All the while my polyhydramnios was causing more pressure and breathing difficulties. At 7 months pregnant, I definitely looked 9+ months pregnant. The talk about Trisomy-13 continued as well, so the doctors decided they wanted to do an amniocentesis for more genetic testing. At first, I was against this. I knew the risks could be early delivery, but ultimately, we decided to go ahead and have it done. One reason was that if we knew he had Trisomy-13 or another deadly genetic condition before his birth, then it would help us know better how to proceed with those difficult choices we knew we were going to have to make after his birth. Also, while they were doing the amniocentesis, they would be able to do a fluid reduction, which would alleviate some of my pressure and breathing difficulties. So, in the end, we decided to schedule it and it happened on a Monday morning (8/8/2016) which was exactly 32 weeks to the day. After the procedure, I was nervous but remember feeling physically better overall, because the pressure had been relieved a little bit and I could finally take a deep breath again. Also, we felt relieved because we would know the genetic outcomes before his birth.

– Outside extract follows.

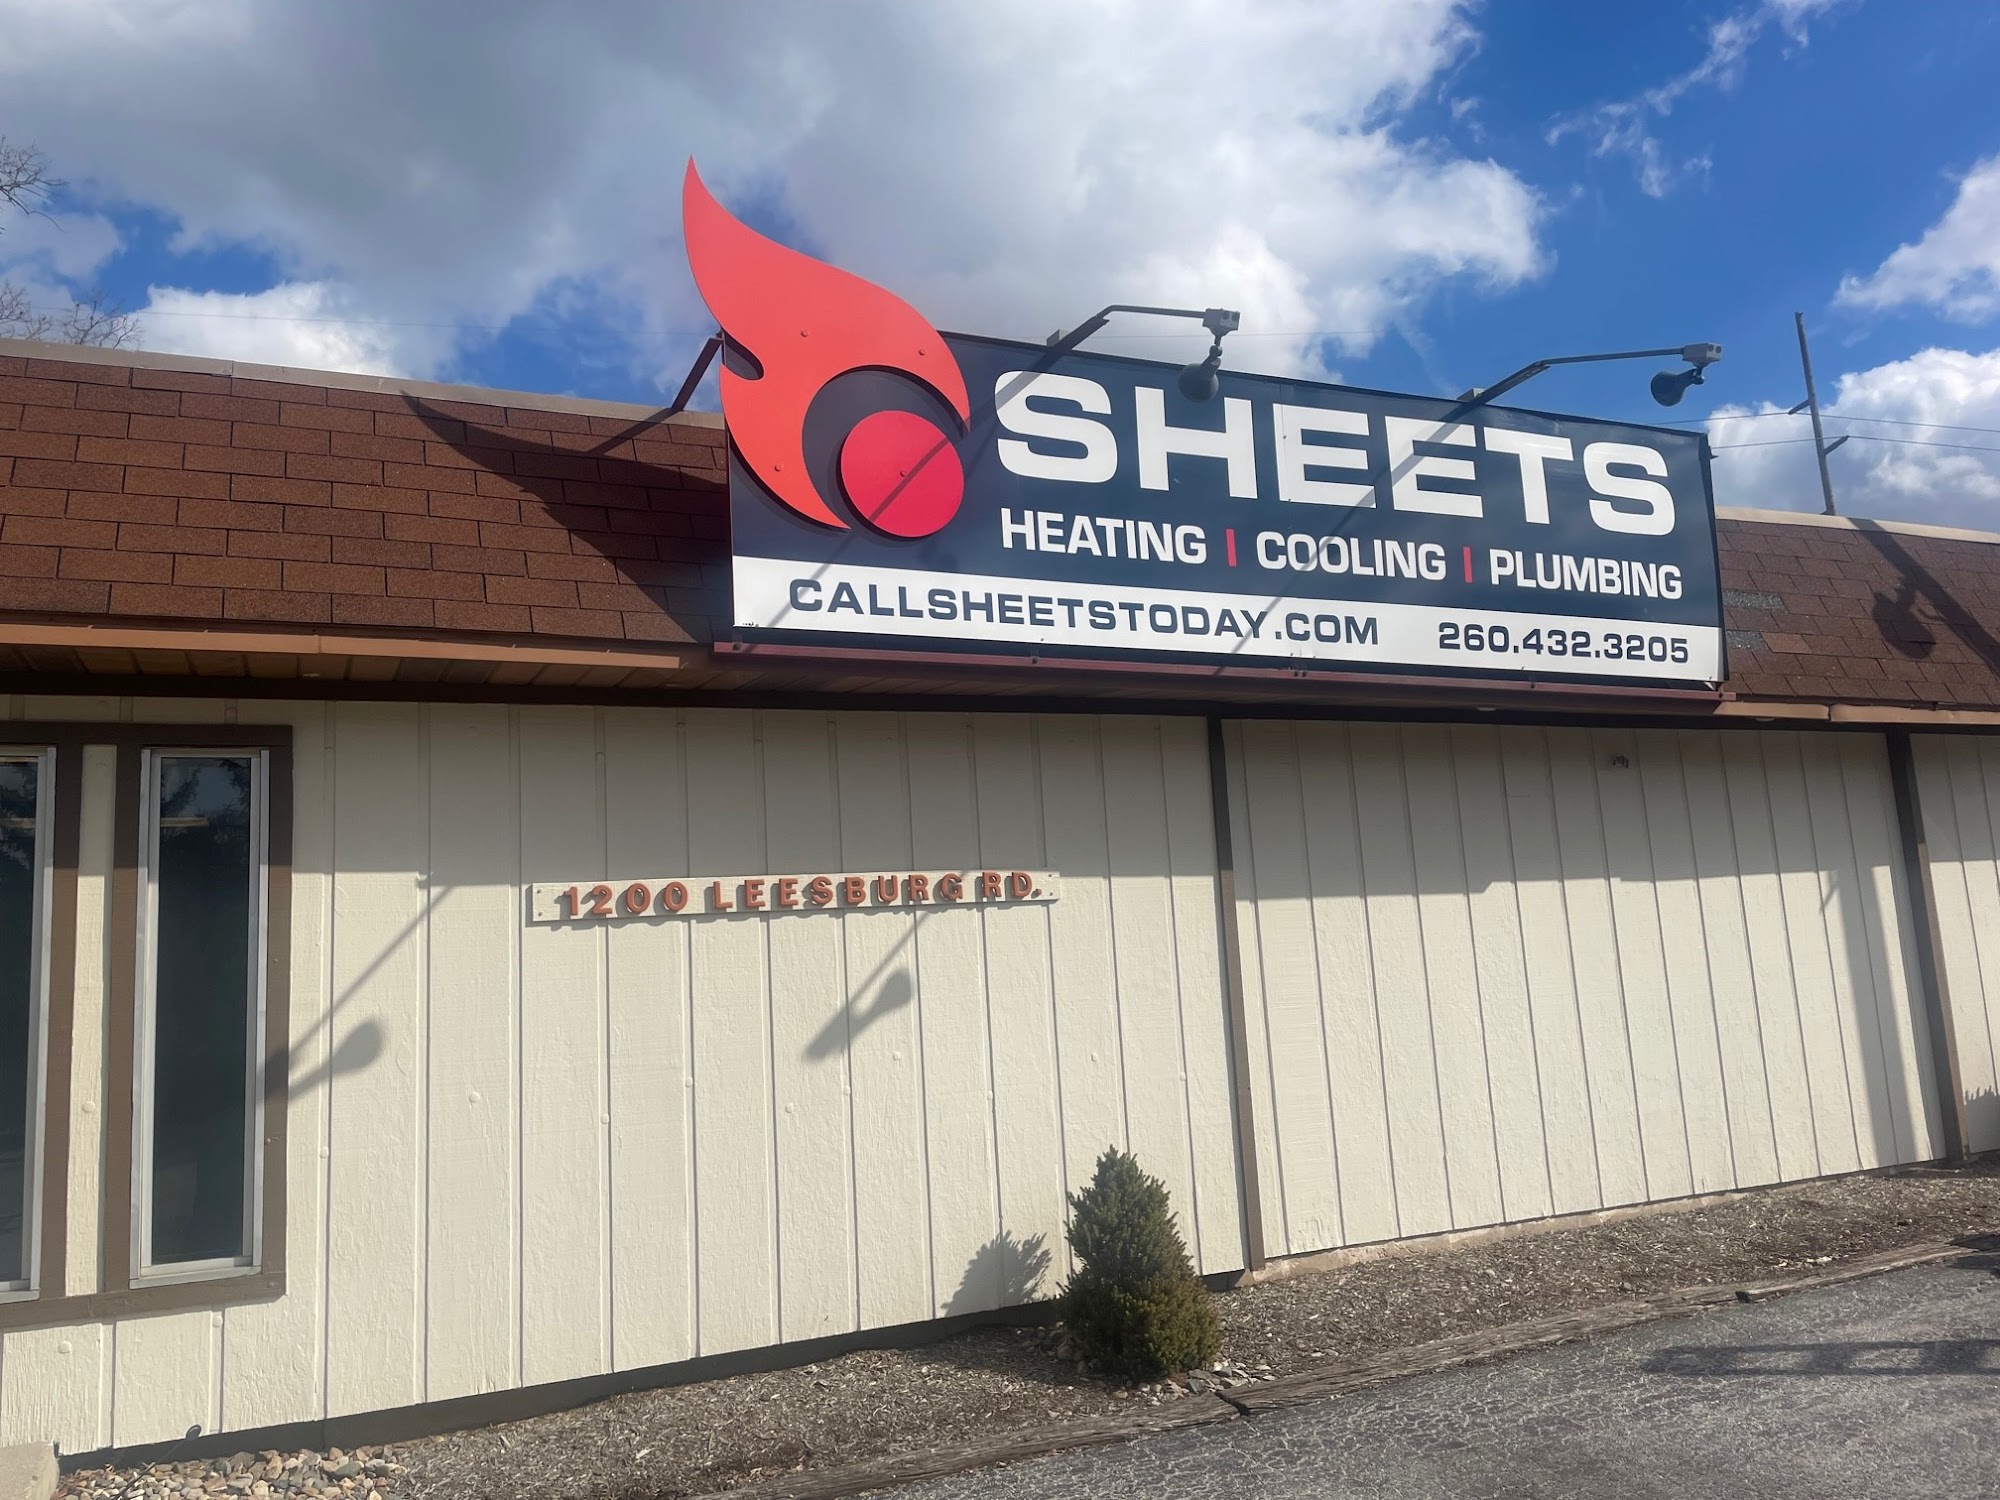 Sheets Heating, Cooling and Plumbing

As the day progressed, we tried to not stress as best we could. I asked Jason to get us Smashburger for dinner. I was sitting up in bed, eating my burger and whoosh, my water broke. I immediately started panicking and Jason ran out the door and grabbed the nurse. She ran in and immediately started calming me down. I just kept saying over and over it was too soon. A flurry of activity began. The first round of steroids were given and thankfully because of my polyhydramnios I still had enough fluid to keep him comfortable, even after the flood of my water breaking. They gave me medicine to try and stop the labor, but after 24 hours it was clear that our gummy bear was ready to make his entrance. So I was moved to a labor and delivery room and the preparations for his arrival began. I started my first of 3 rounds of magnesium because of my elevated blood pressure. Magnesium made everything that was going on, even that much worse. I felt like my insides were on fire. I kept telling everyone I was okay but didn’t think I could survive another minute. As we got close to 48 hours after my water broke, my labor started to go into full swing. Another round of steroids and magnesium started.

We still didn’t have the amnio results yet and the fear started growing. I remember telling Jason that no matter what happened, he had to make sure I was able to touch Teddy before they took him away. I told him over and over and over they had to make sure they let me touch him before they rushed him to the NICU. Over and over and over again. I told him he had to go with him, no matter what happened. As the night went on and the labor progressed, the magnesium and medicine they gave me made me confused and I couldn’t process my feelings and didn’t know how to feel. This moment that should have been so happy, was full of fear and sadness. The world was swirling around me, and I couldn’t catch my breath. The next thing I knew, they were saying it was time. It was 3:15 in the morning on August 10th and they told me I would need to start pushing soon. There had to be at least 20 people in the room, ready to do everything they could to save his life the moment he entered the world. I just kept saying to myself as I rubbed my belly “We will get through this together, We will get through this together….”

And I have never been able to eat Smashburger again.


The only picture we took the whole week in the hospital and the reason I asked for Smashburger!